INSTRUCTIONS TO FOLLOW:
When you reach the line with "1 x OrchardWorld Mixed Citrus Box" in the listing below, transcribe it and each line after it up to and including the line with "1 x OrchardWorld Ripe and Ready…", exactly and with nothing else.

INFORMATION SHOWN:
----------------------------------------

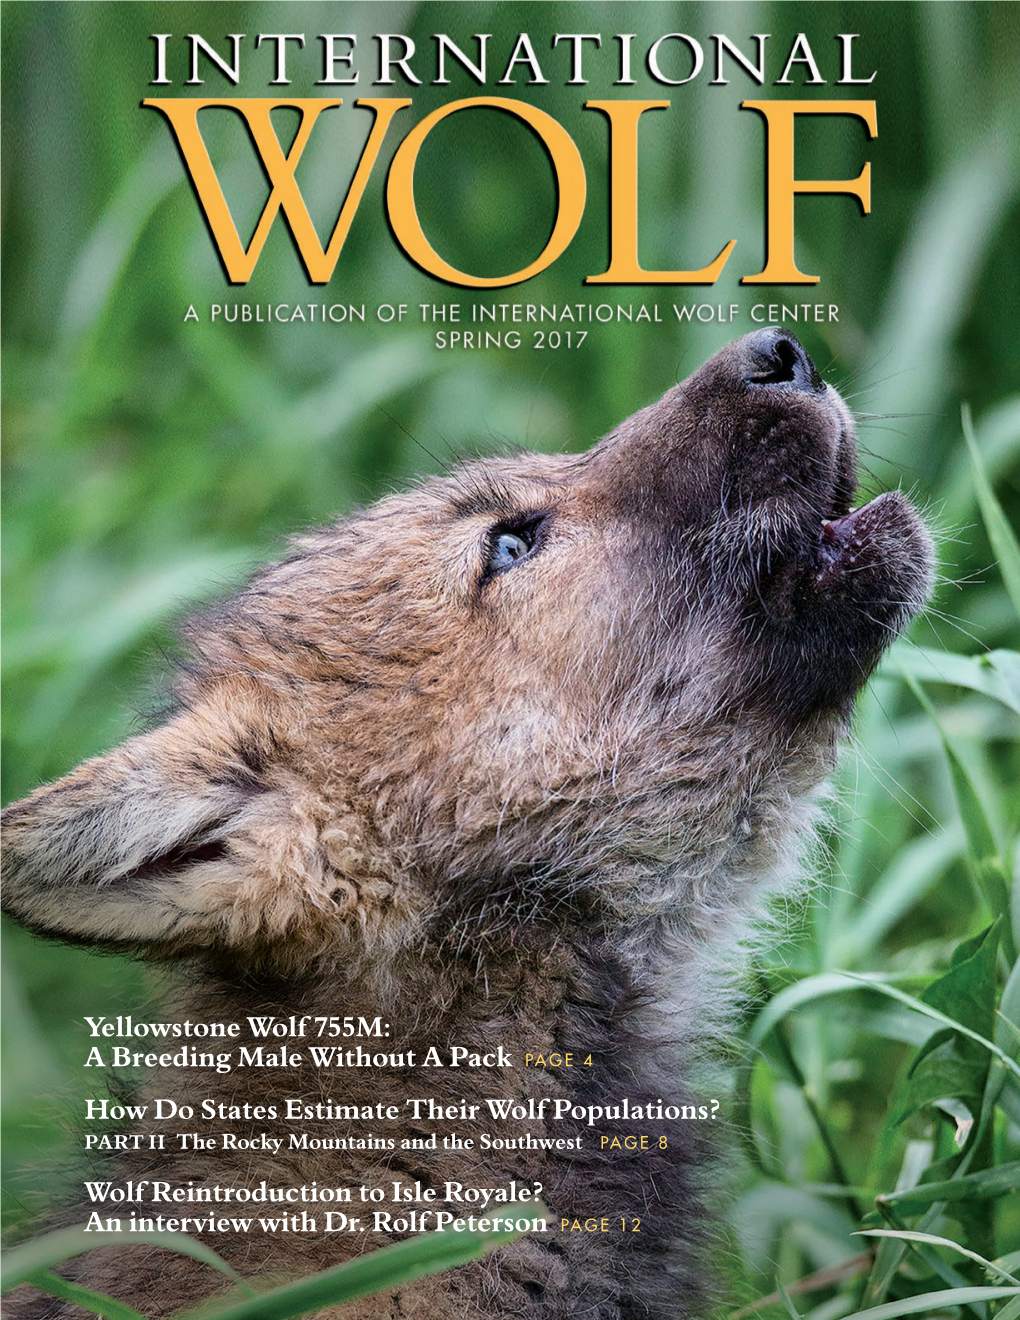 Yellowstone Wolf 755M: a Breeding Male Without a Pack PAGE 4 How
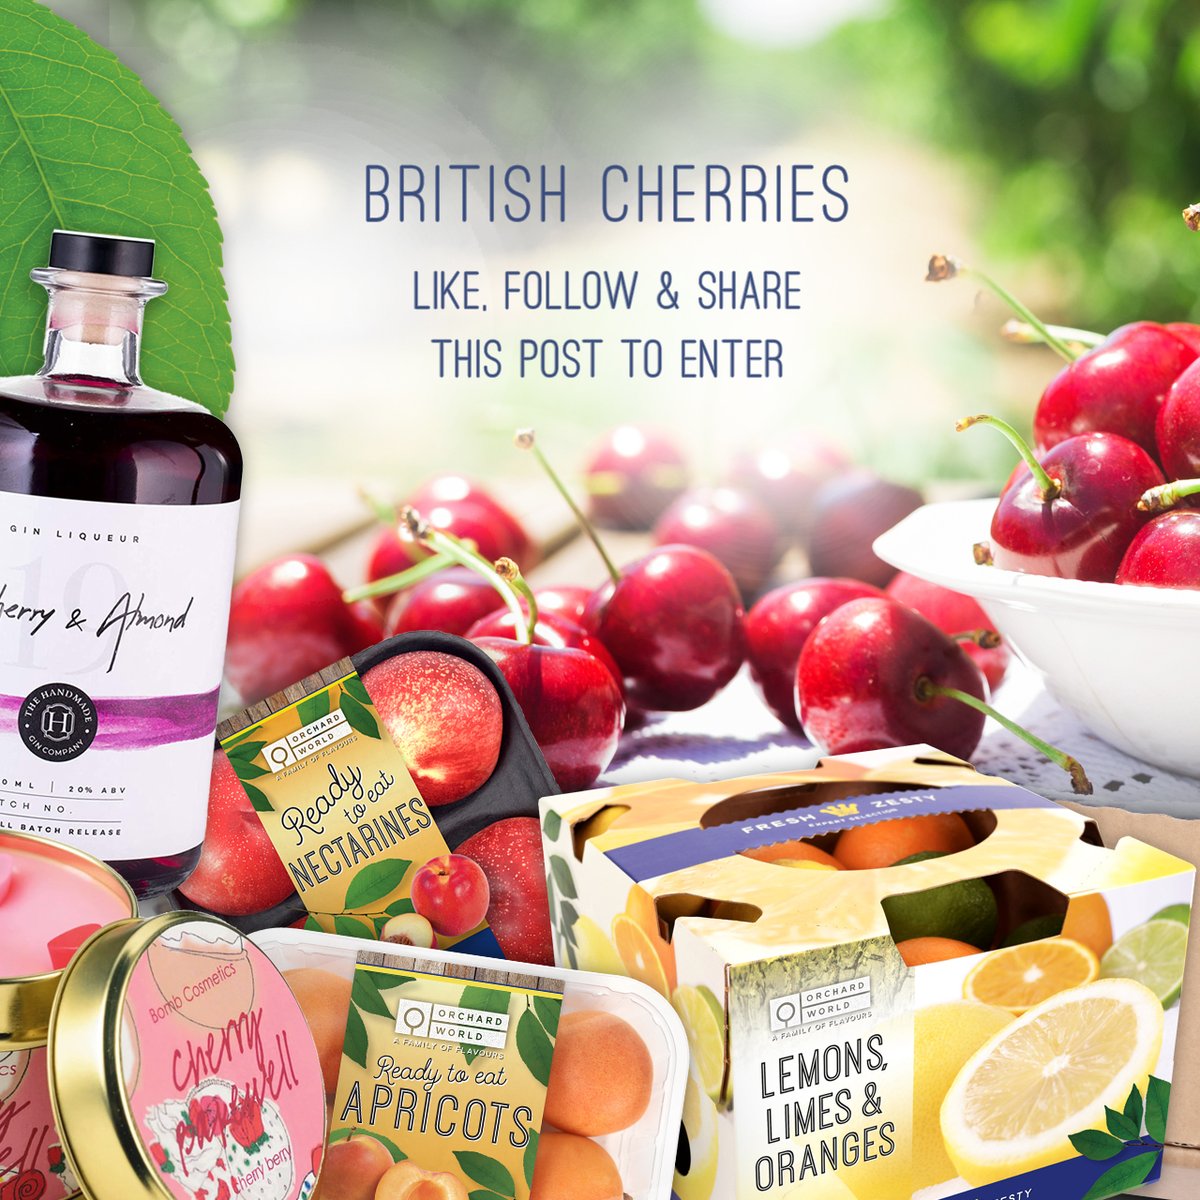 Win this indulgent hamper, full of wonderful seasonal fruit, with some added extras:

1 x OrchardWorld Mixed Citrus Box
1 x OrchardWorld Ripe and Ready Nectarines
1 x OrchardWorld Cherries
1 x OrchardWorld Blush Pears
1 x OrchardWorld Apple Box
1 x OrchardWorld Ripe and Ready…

----------------------------------------

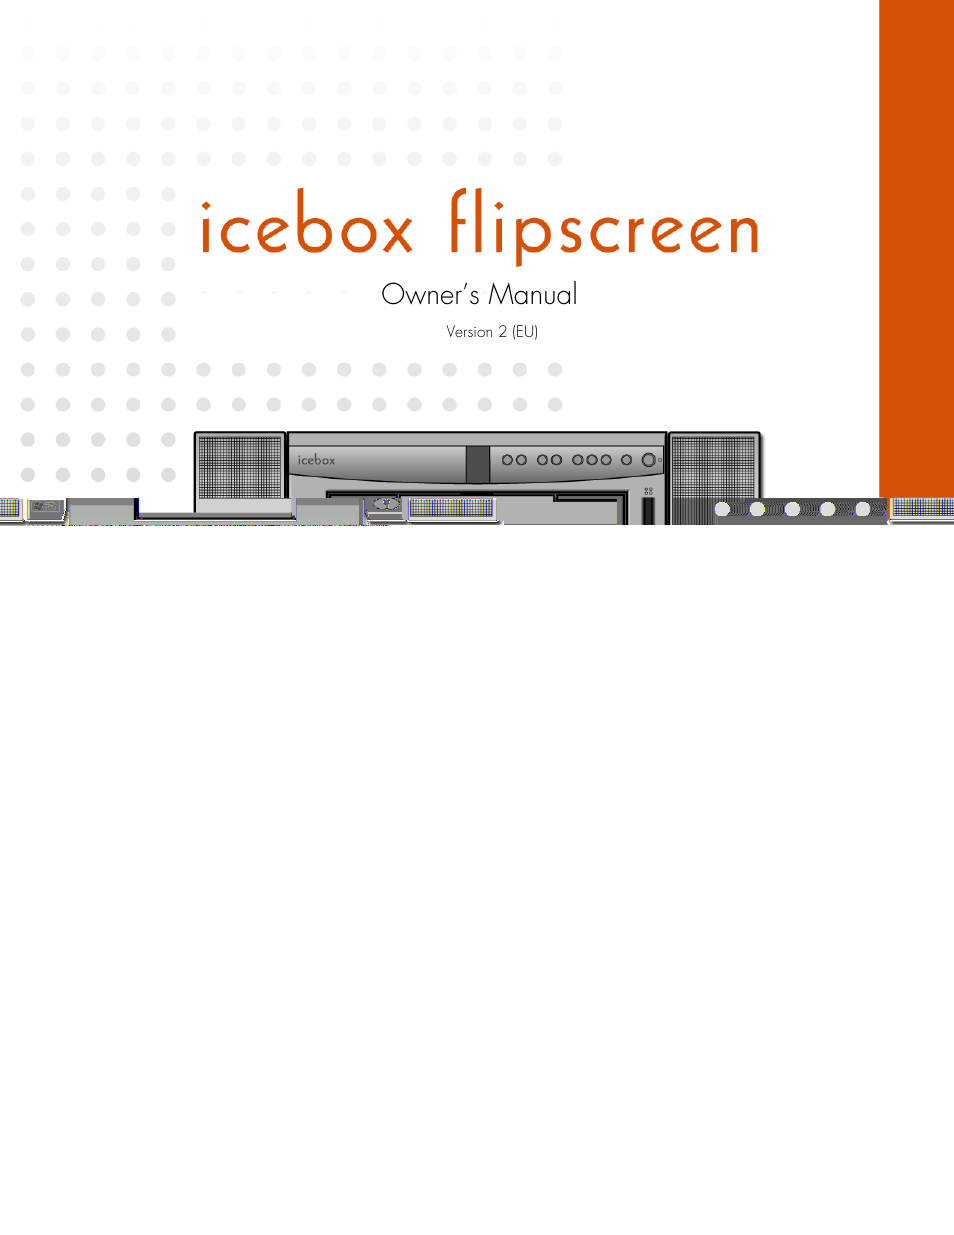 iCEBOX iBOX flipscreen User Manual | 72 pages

----------------------------------------

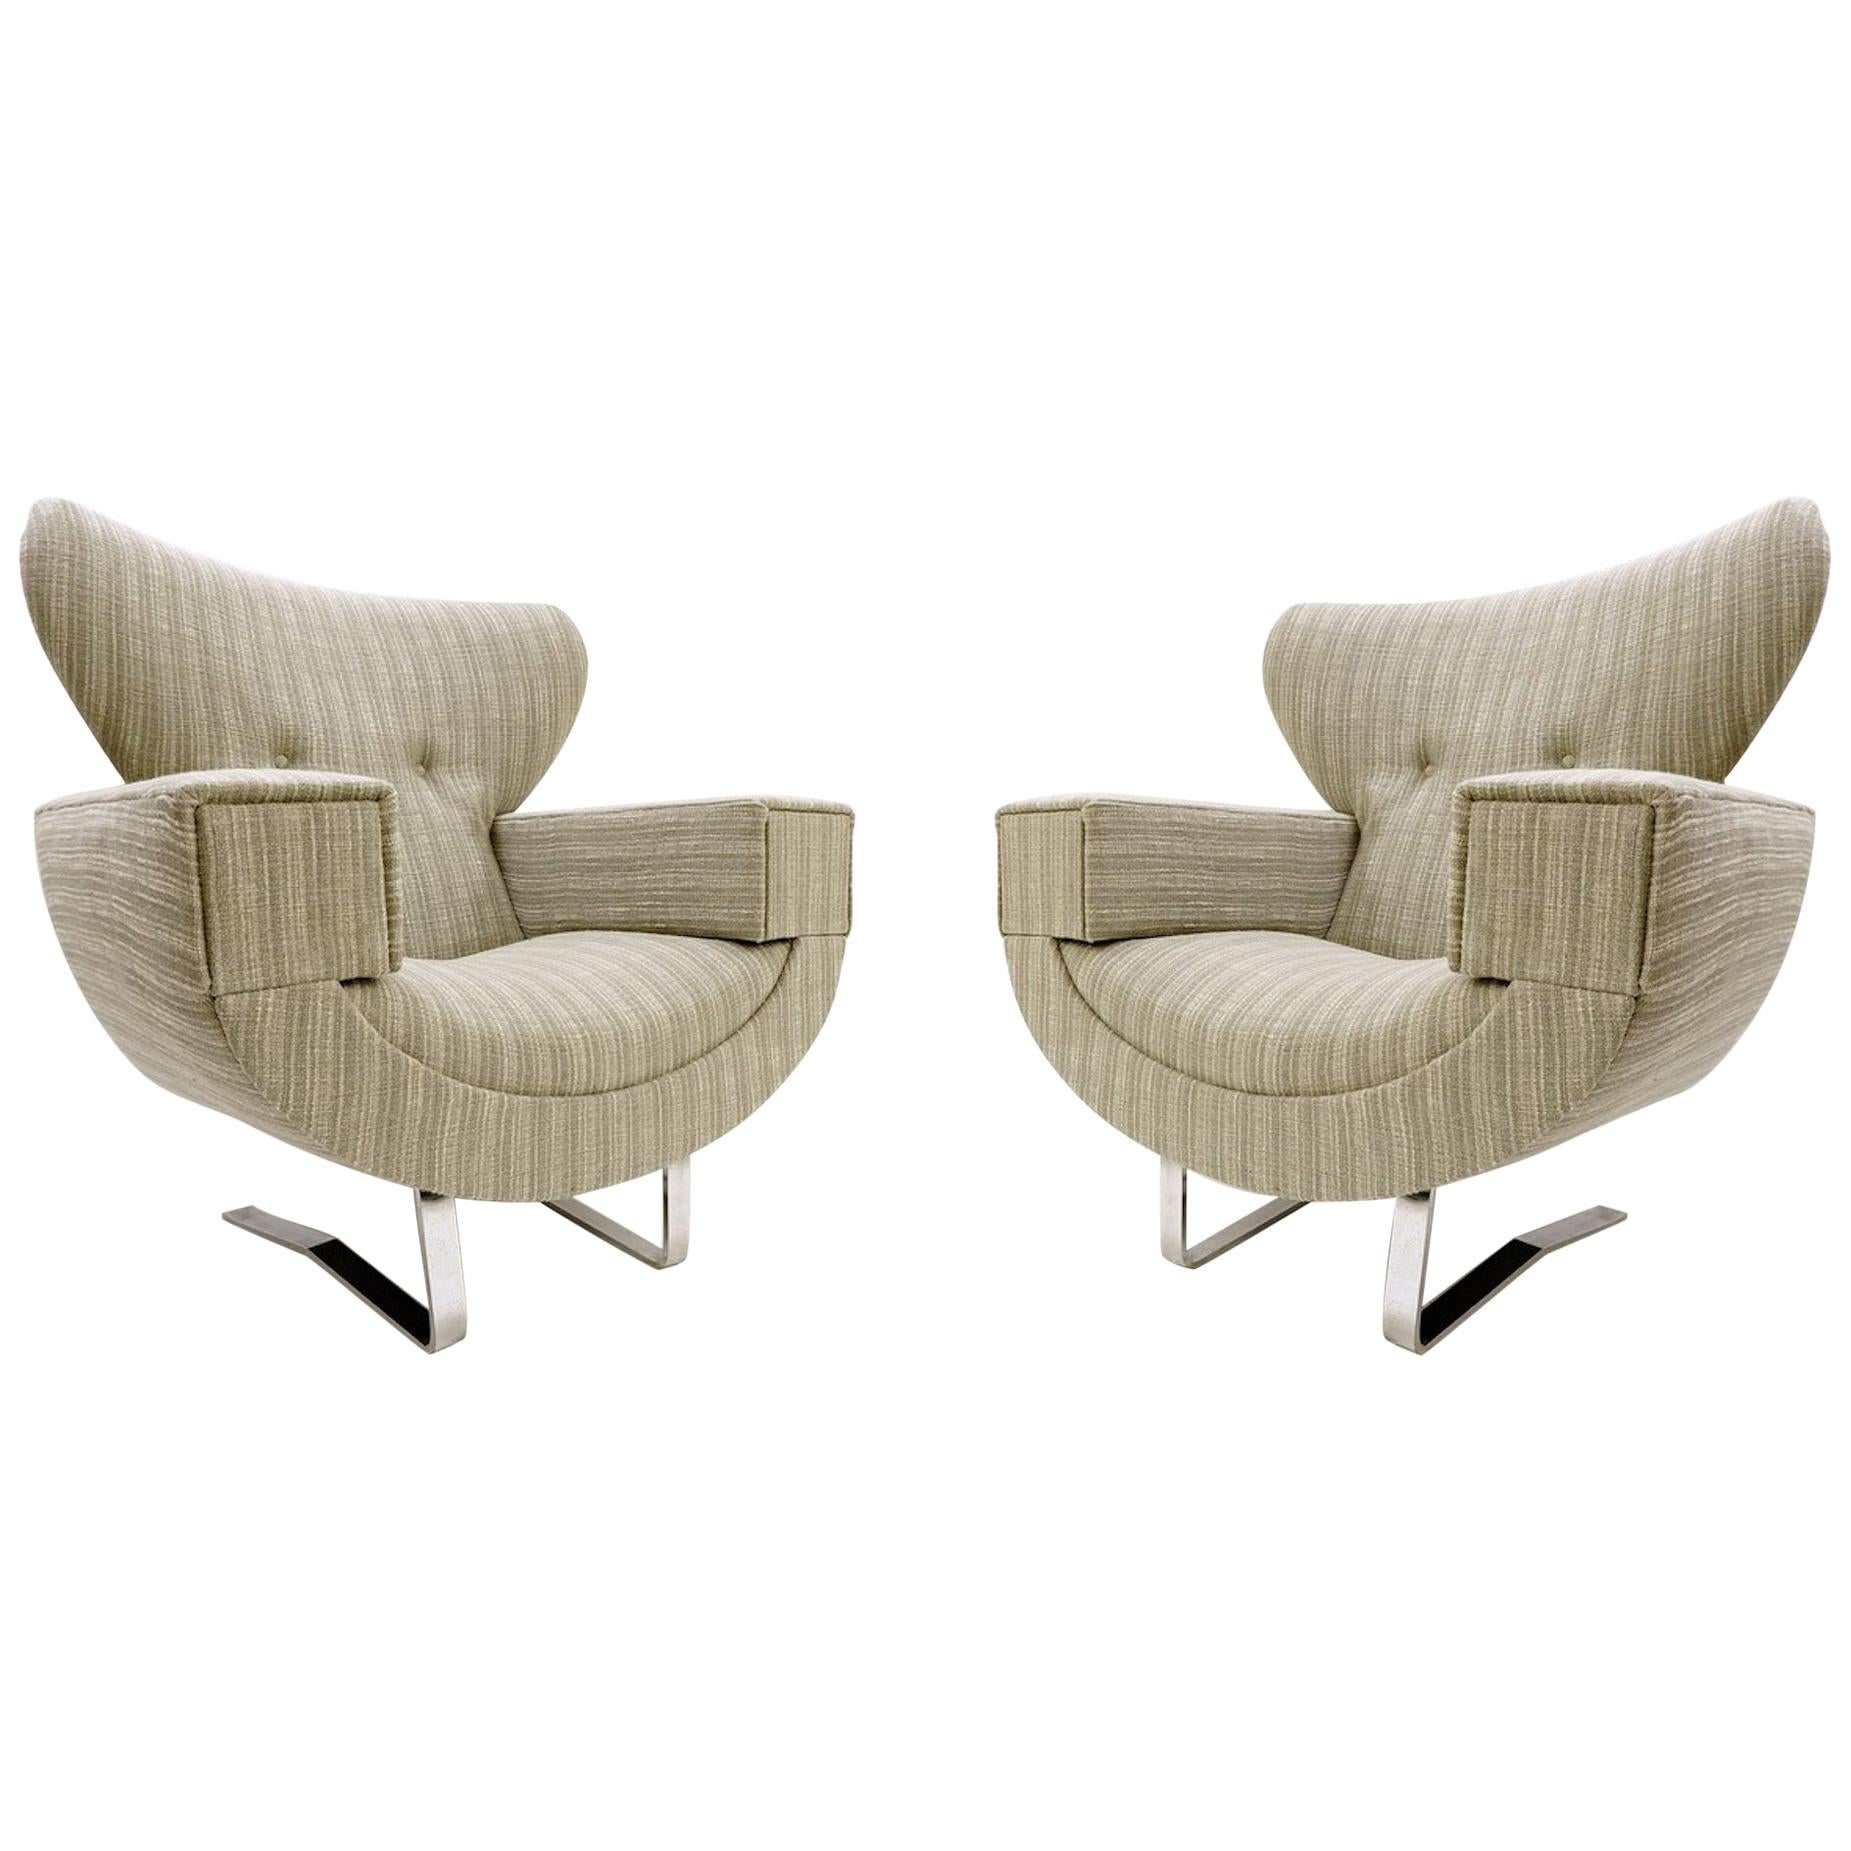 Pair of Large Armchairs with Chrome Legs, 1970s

----------------------------------------

TASK RESULT:
1 x OrchardWorld Mixed Citrus Box
1 x OrchardWorld Ripe and Ready Nectarines
1 x OrchardWorld Cherries
1 x OrchardWorld Blush Pears
1 x OrchardWorld Apple Box
1 x OrchardWorld Ripe and Ready…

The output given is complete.